Слушатели затаили дыхание. Пойтек на шаг подается вперед. Теперь он у самого края трибуны. Тут мне впервые бросается в глаза, что у Пойтека поседели виски.
— Слово принадлежит товарищу Пойтеку, — повторяет Фельнер.
— Товарищи…
Резко звучит голос Пойтека. Вялые слушатели вздрагивают — словно сквозь них пропустили электрический ток. Все глаза устремлены на Пойтека.
Резко звучит его голос, но слова его просты.
Он не говорит о мировой революции и не упоминает Маркса и Ленина.
— Дело в следующем. Мы должны, наконец, прямо поставить вопрос: выпустим ли мы из рук фабрики, выпустим ли из рук страну, выпустим ли из рук власть?
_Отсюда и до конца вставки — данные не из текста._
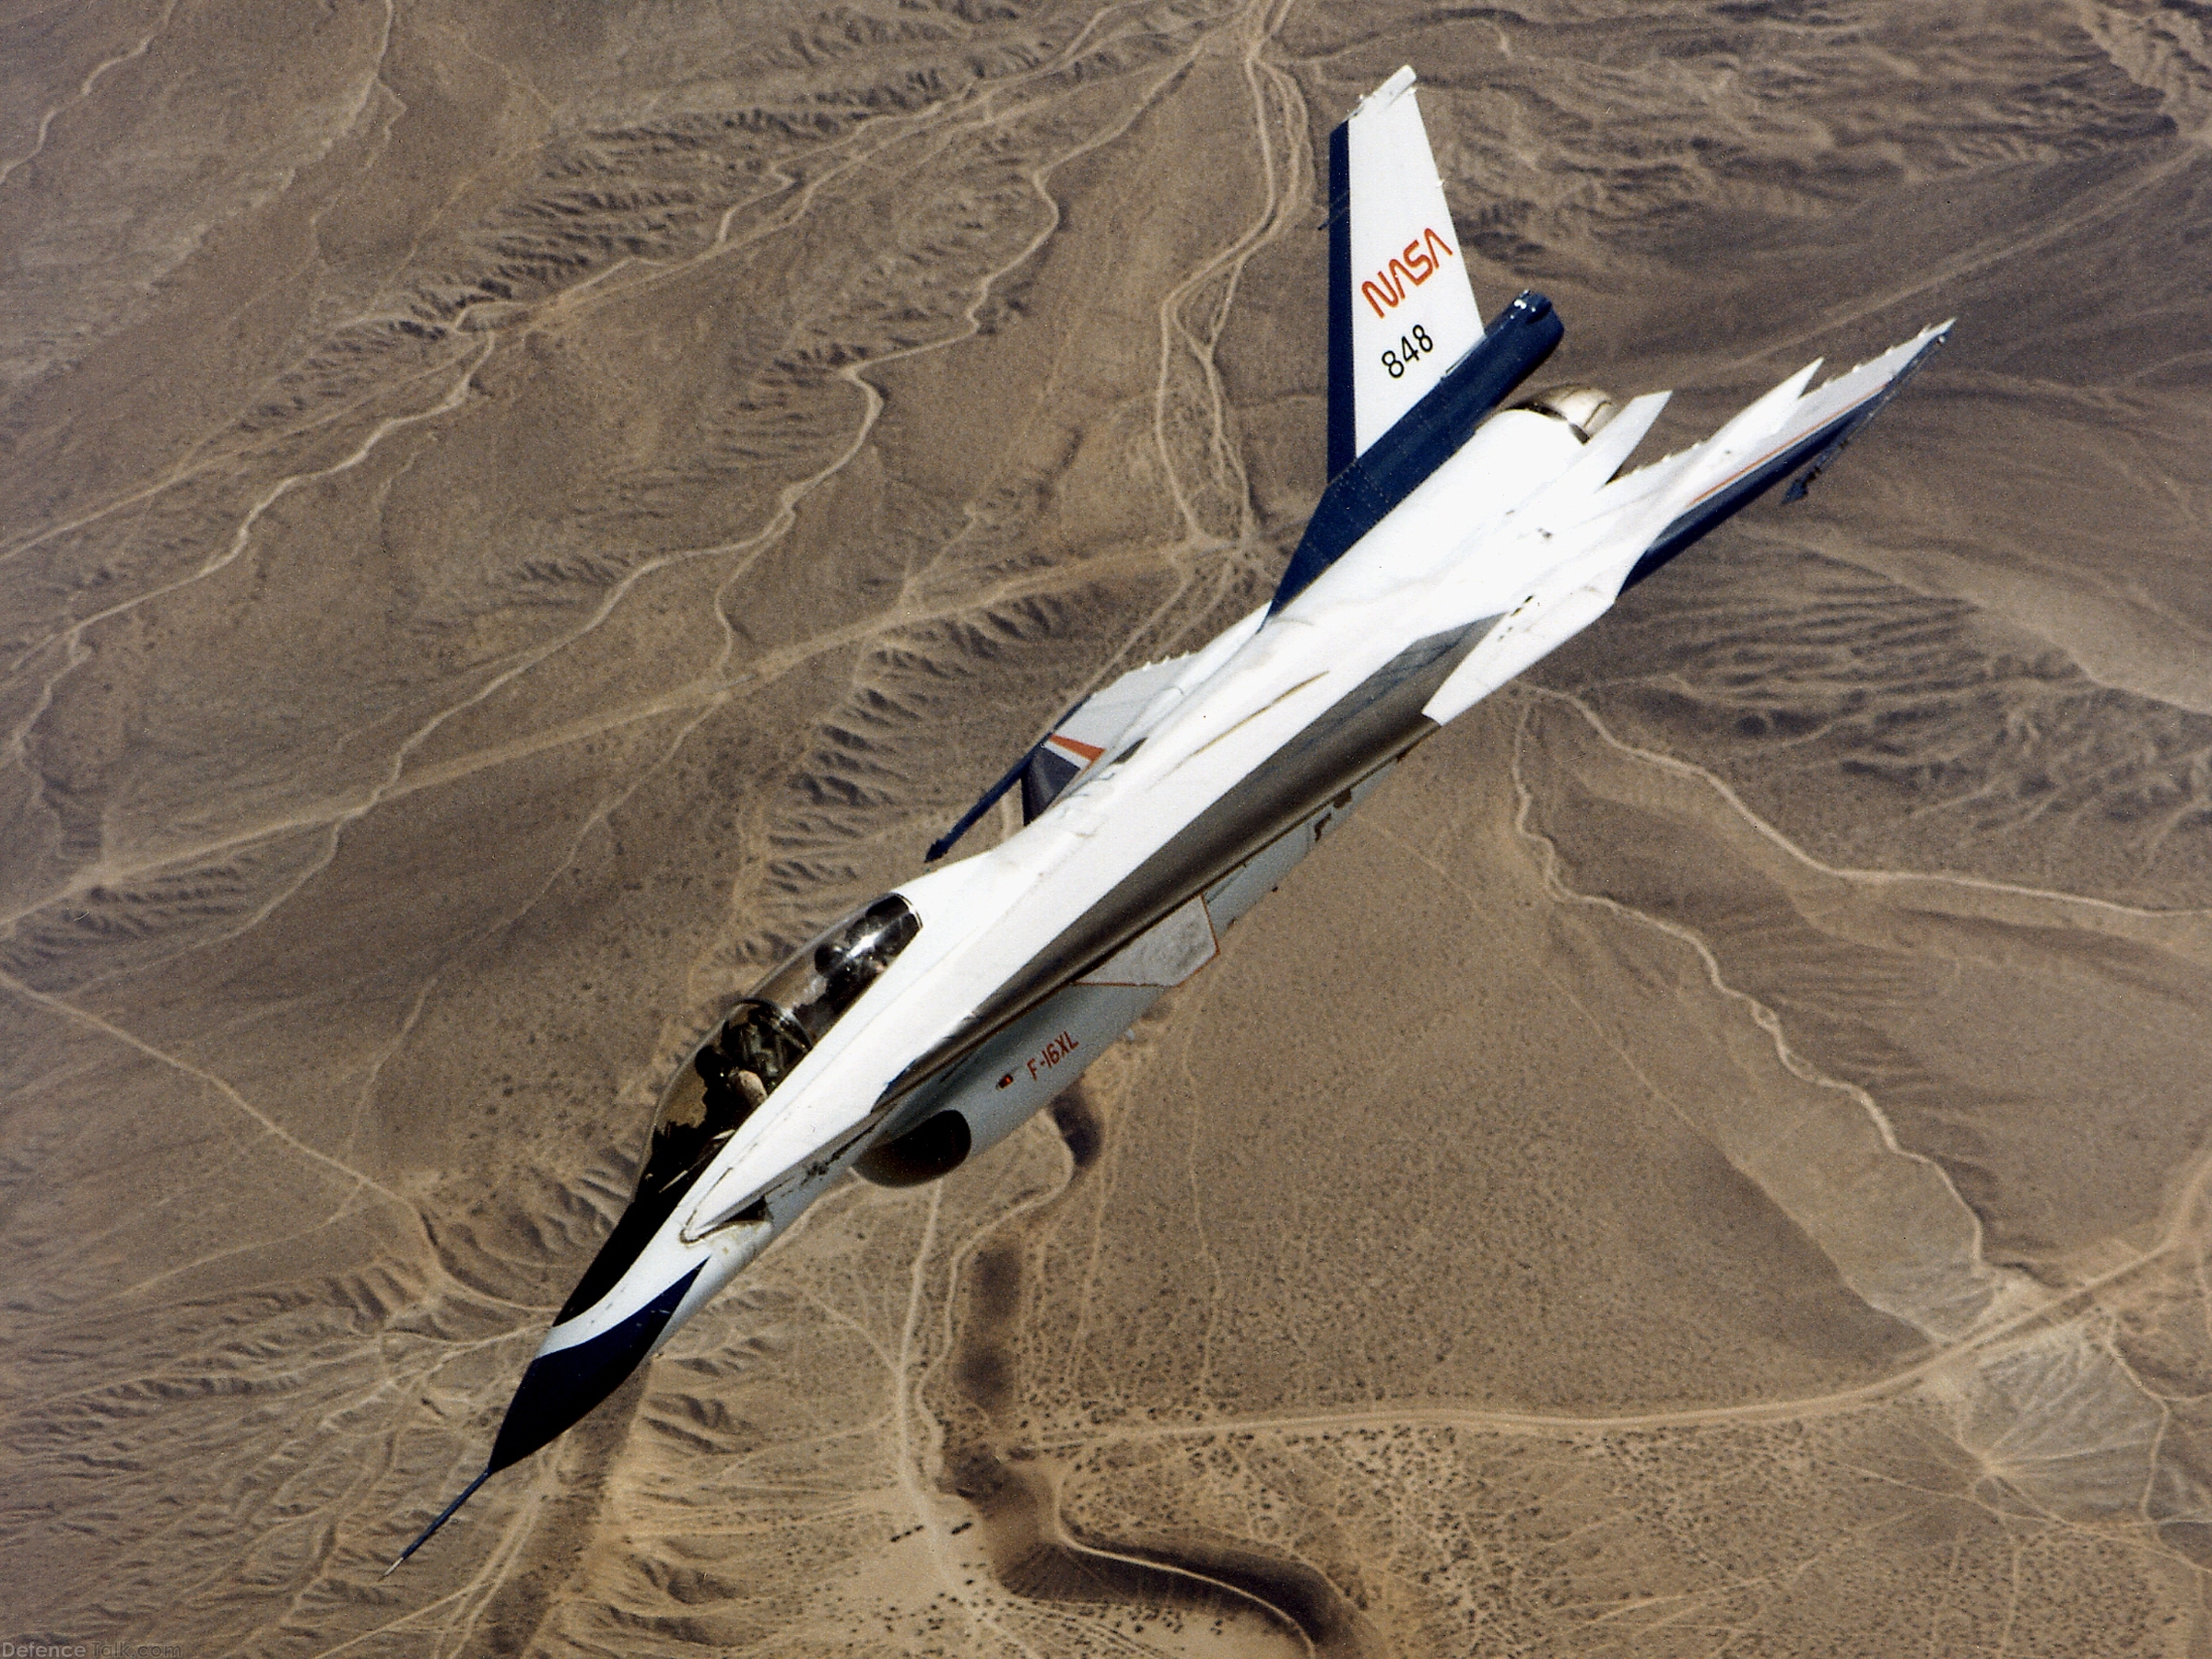 NASA F-16XL Delta Wing Research Aircraft

Он умолкает и ждет ответа.
Молчание.
Люди сидят, опустив головы.
Молчание. Пойтек тоже молчит. Он стоит неподвижно. Его добрые глаза лихорадочно блестят.
Молчание. Рабочие думают. Этот простой вопрос поразил всех своей неожиданностью. Ну да — в этом, понятно, все дело. Но кто об этом думал? Кунфи всегда лишь говорил, что диктатуру мы должны осуществлять как-то иначе. Бем… Фельнер… Каждый говорил лишь, что «иначе». Говорили, что Антанта пошлет продовольствие — мясо и жиры, платье и обувь, гм… Но что это «иначе» обозначает: выпустить из рук?! Отказаться от социализма, вернуться вспять?.. Тяжкий, тяжкий вопрос!
У Пойтека вырывается нетерпеливый жест, и снова звучит его голос. Ничего нового он не добавляет. Он попросту повторяет свой вопрос.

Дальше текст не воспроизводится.